Federation’s response to local Antisemitism

This story will not be found in any newspaper. However, it documents how the Federation works in response to a report of Antisemitism. It also demonstrates that when we work together with our constituents and our community leaders, we can achieve good results.

Early last week, the Federation received messages from a number of constituents who were very upset to see a moving van stored in a parking lot in one of our towns which had certain of the letters of the Company name removed. As a result, the word spelled on the side of the van read “ye”. As we all know, Ye (the billionaire entertainer formerly known as Kanye West) has recently unleashed a torrent of hateful and threatening rhetoric targeting Jews.

For a variety of reasons, we will not mention the town in which this occurred or the company involved. The van was parked in a manner that made sure that everyone driving by clearly saw the message being delivered. We are fortunate that our community members both recognized the problem and reported it to the Federation. Upon learning of the van and its message, we immediately sent the information and photos to ADL and Mike Shanbrom, our Federation’s Regional Security Advisor.

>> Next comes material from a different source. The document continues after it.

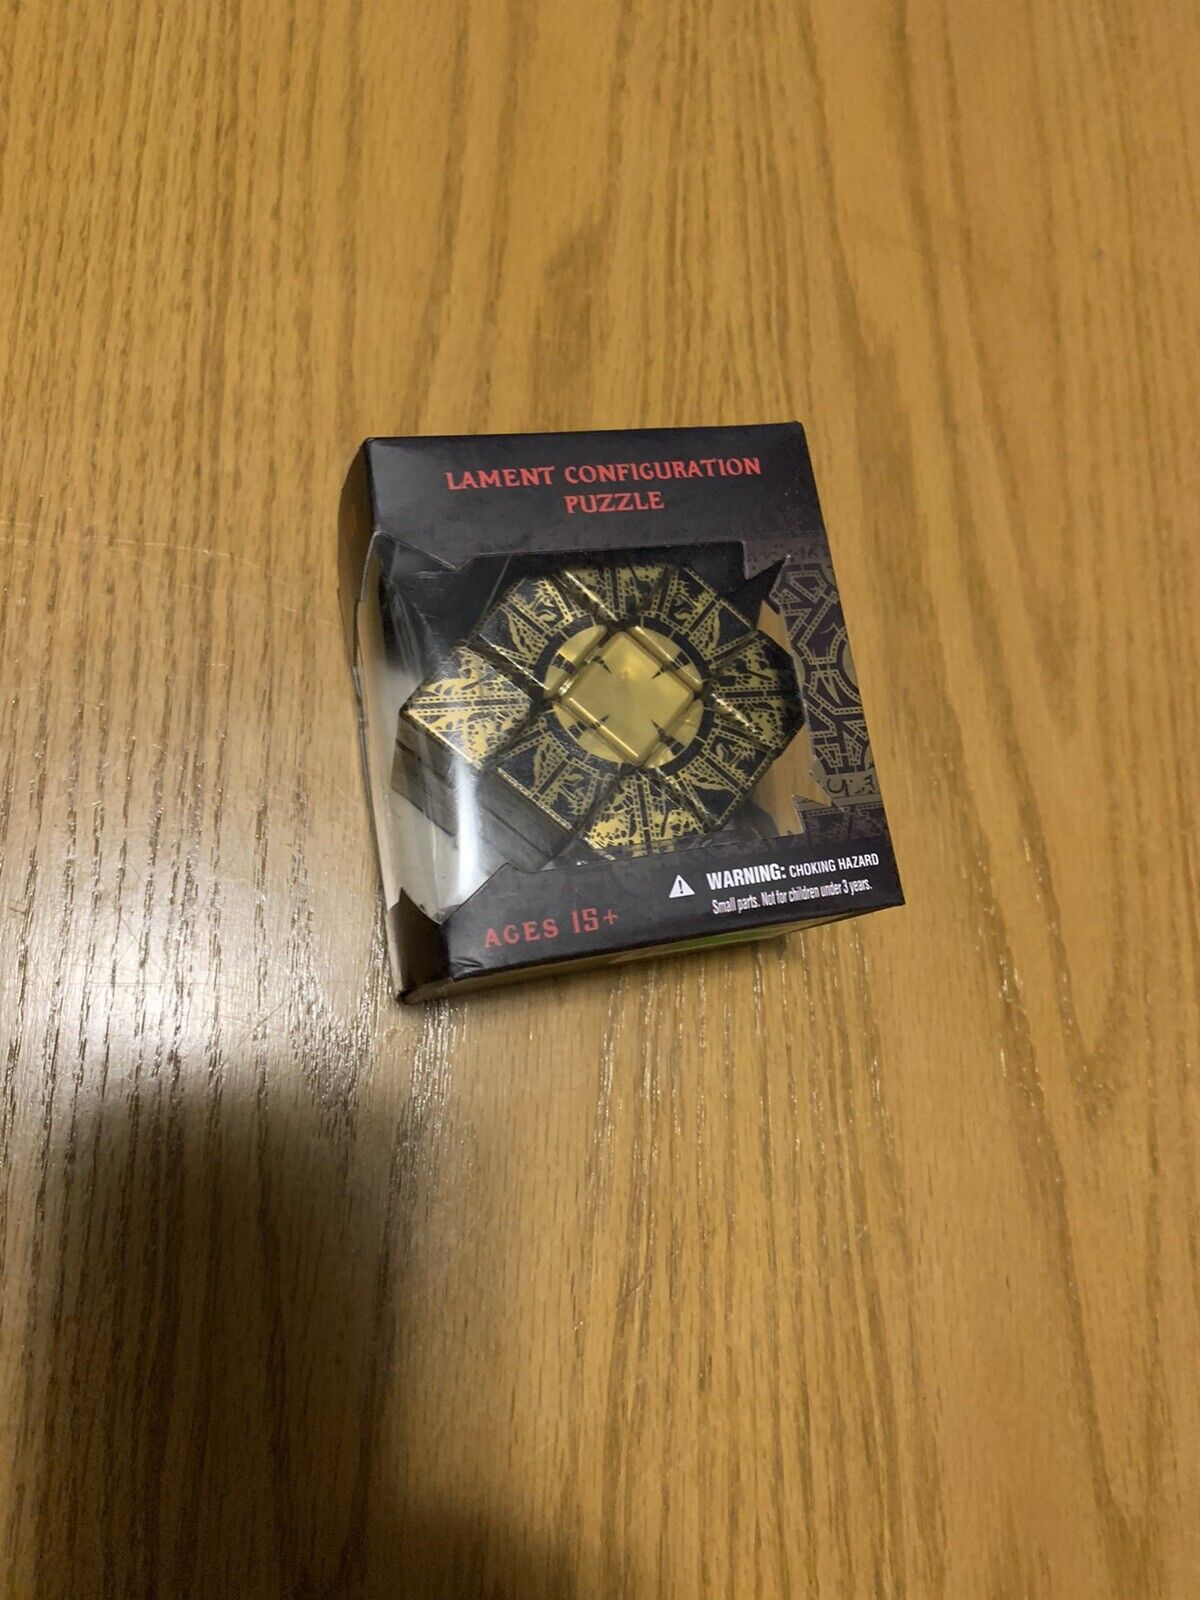 Hellraiser III Lament Configuration Puzzle Box. Mezco 2017. New In Box. Rare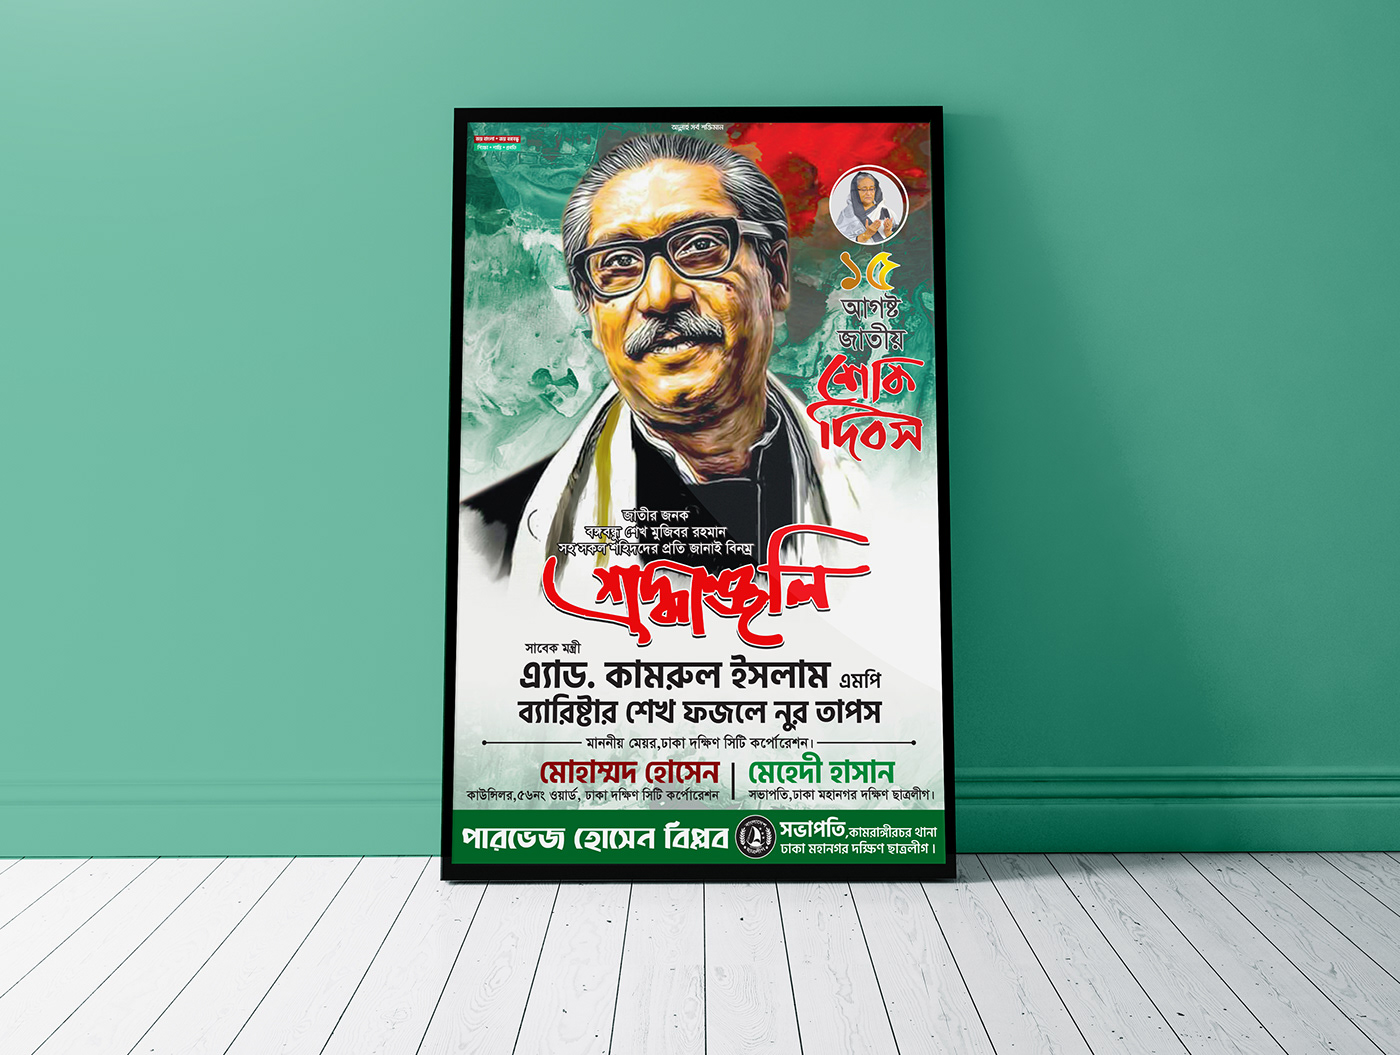 ১৫ই আগষ্ট জাতীয় শোক দিবস ১৫ই আগষ্ট বাংলাদেশ Banner Design 2020 Bongobondhu poletical poster Sheikh Mujib জাতীয় শোক দিবস রাজনৈতিক পোষ্টার

We understood that this was not an uncomplicated matter. First, there was some slight room for unclarity as to whether the “ye” van was an accidental occurrence rather than an intentional message. Second, even when it became clear that the manipulation of the letters  was intentional, not everyone understands the message being conveyed with letters “ye”. Finally, if the van were on private property, it is possible that nothing could be done about the issue.

However, we had no choice but to see what we could do about the matter. We called the Town to alert officials about the van. After some explanation to help the officials understand the message being delivered, the Town officials were appalled and quickly agreed to speak with the owner of the Company. At the same time, ADL reached out to representatives of the Company as well. Within a day or so, we received a call from our principal  contact with Town who confirmed that the owner had, reluctantly, agreed to move the van. 

On Thursday morning, we had confirmation that the van had been moved so that the offending message was no longer visible. The Federation is greatly appreciative of the quick and respectful action of the Town, both in recognizing the problem and in taking action to solve the problem. We also want to thank the Connecticut Regional Office of ADL for its support as well.


There are three lessons to be learned from this matter:


  1. Always report antisemitic incidents, whether criminal or not. The police need to know when our community is threatened, even if no crime has been committed. In addition, organizations like Secure Community Network and ADL keep track of these incidents. Finally, in responding to these acts, there is often an opportunity to remedy the problem and to build relationships so that the Jewish community will have allies in responding to acts of hate,

  2. Bad actions occur, but it is the response that matters in the long run. Every act of hate hurts, However, we do not judge a town or an institution by the fact that a bad act happens to occur. Instead, we judge communities and institutions by how they respond to the bad act. The response in showing support for the victimized group is what is remembered.

  3. Hatred of Jews can create strange bedfellows. The people who conveyed support for Ye have little in common with him and, in fact, represent starkly different variations of extremism. However, hatred of Jews tends to allow the haters to overlook the enmity that they would normally feel for one another. That is a testament to the unique quality of the conspiratorial hate that too often targets the Jewish people.